Influential Brisbane figures believed Lockyer, the most capped player in the club’s history with 355 appearances, could parlay his cool head, experience and tactical acumen into coaching the Broncos to another premiership.
But as the Broncos embark on one of the most critical assignments in their history - finding the right man to stabilise the club after the tumult of the Seibold years - Lockyer has gone cold on coaching.
“I have no aspirations to ever coach the Broncos,” said Lockyer, who skippered the club to their most recent premiership in 2006.
“Some people thought I would one day coach the Broncos but I’ve gone into business interests and with my commitment to my family, I can’t devote all my time to rugby league and being an NRL coach.
“My view is that I don’t want to be too hands-on at the club in a coaching capacity.
“I would love to see the Broncos going well and I will always jump in where I have to if I‘m asked but from my perspective, I’ve decided coaching is not for me.
“I have other business stuff going on that I enjoy, so it (coaching the Broncos after Seibold) is not something I would chase.”
Lockyer already has a variety of important roles at the Broncos. Aside from sitting on the Broncos board, he is part of their recruitment-and-retention committee and was engaged this year to provide leadership training to select Brisbane players.
Lockyer said any prospective coaching candidate must consider the unique pressures of calling the shots at the NRL‘s richest club.

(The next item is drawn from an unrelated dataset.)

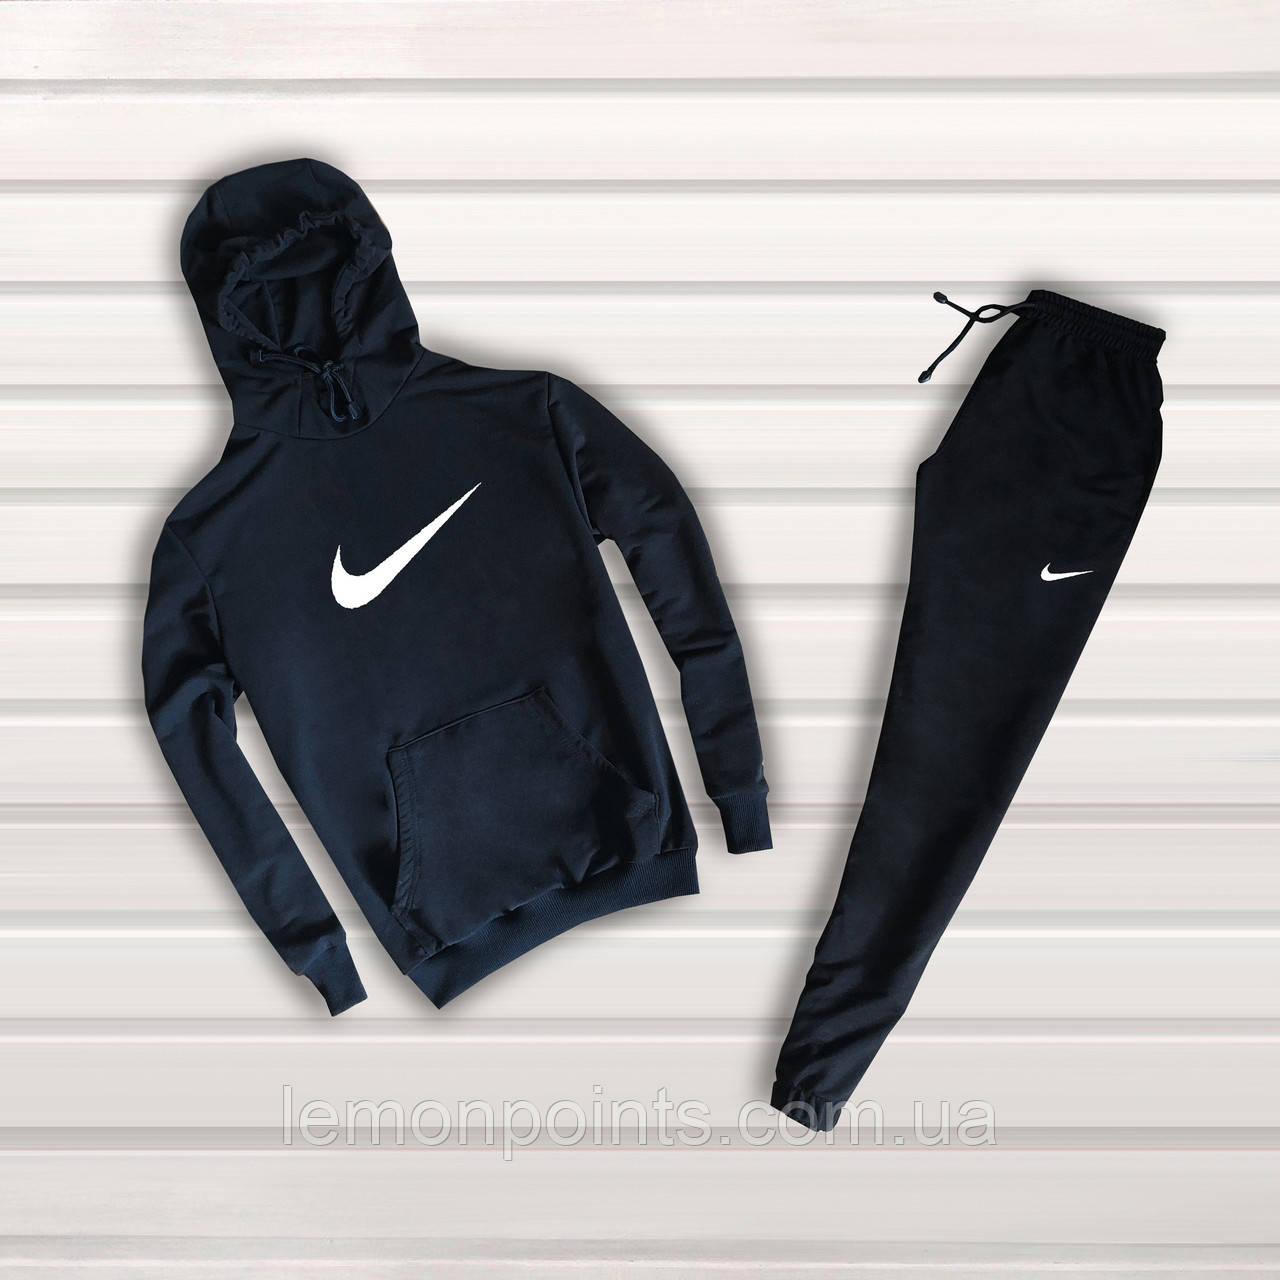 Теплый спортивный костюм Nike с капюшоном (черный ФЛИС (до -25 °С))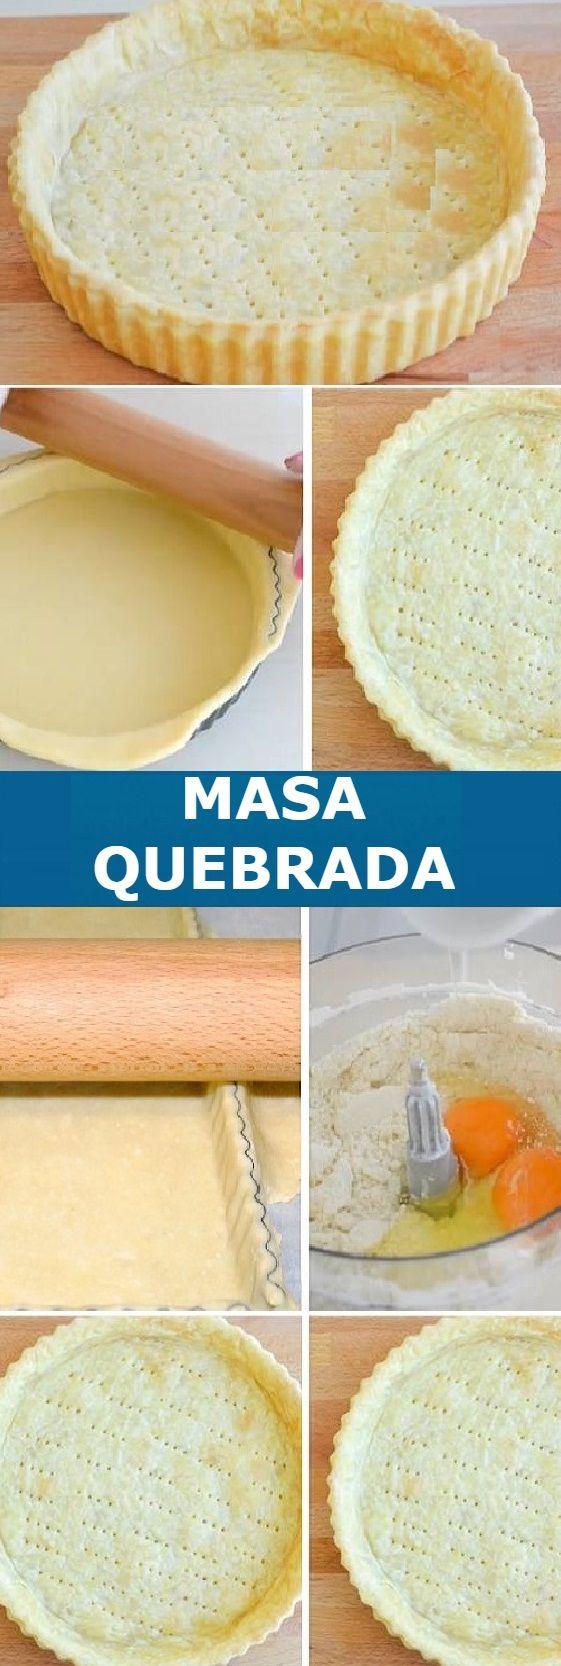 f106c5f9ecf7bb582767baaac765b750 - Recetas Con Masa Quebrada

“I am not naive enough to think that you can do the head coaching role at the Broncos without doing an apprenticeship first,” he said.
“The moment I retired, a massive weight came off my shoulders.
“To go back into head coaching, that‘s amplified, so I feel life for me is a lot more balanced without coaching.
“The expectations of being the captain of the Broncos is hard enough. Coaching in the NRL, and particularly at the Broncos, is not for the faint hearted and you have to have a real desire to want to do it to do it well.”
Lockyer’s former Queensland Origin teammate Thurston has enormous respect for Green’s coaching ability, but believes Walters’ understanding of the Broncos’ culture makes him the standout choice.
“Kevvie has a strong connection to that club (the Broncos), he won six premierships (as a player) ... that‘s his coaching resume put right there,” Channel Nine commentator Thurston told the network.
“I think the Broncos are starting to see cracks in the club with their fans and Kevvie is man who can bring it all together and be the successful club they were in the 1990s.”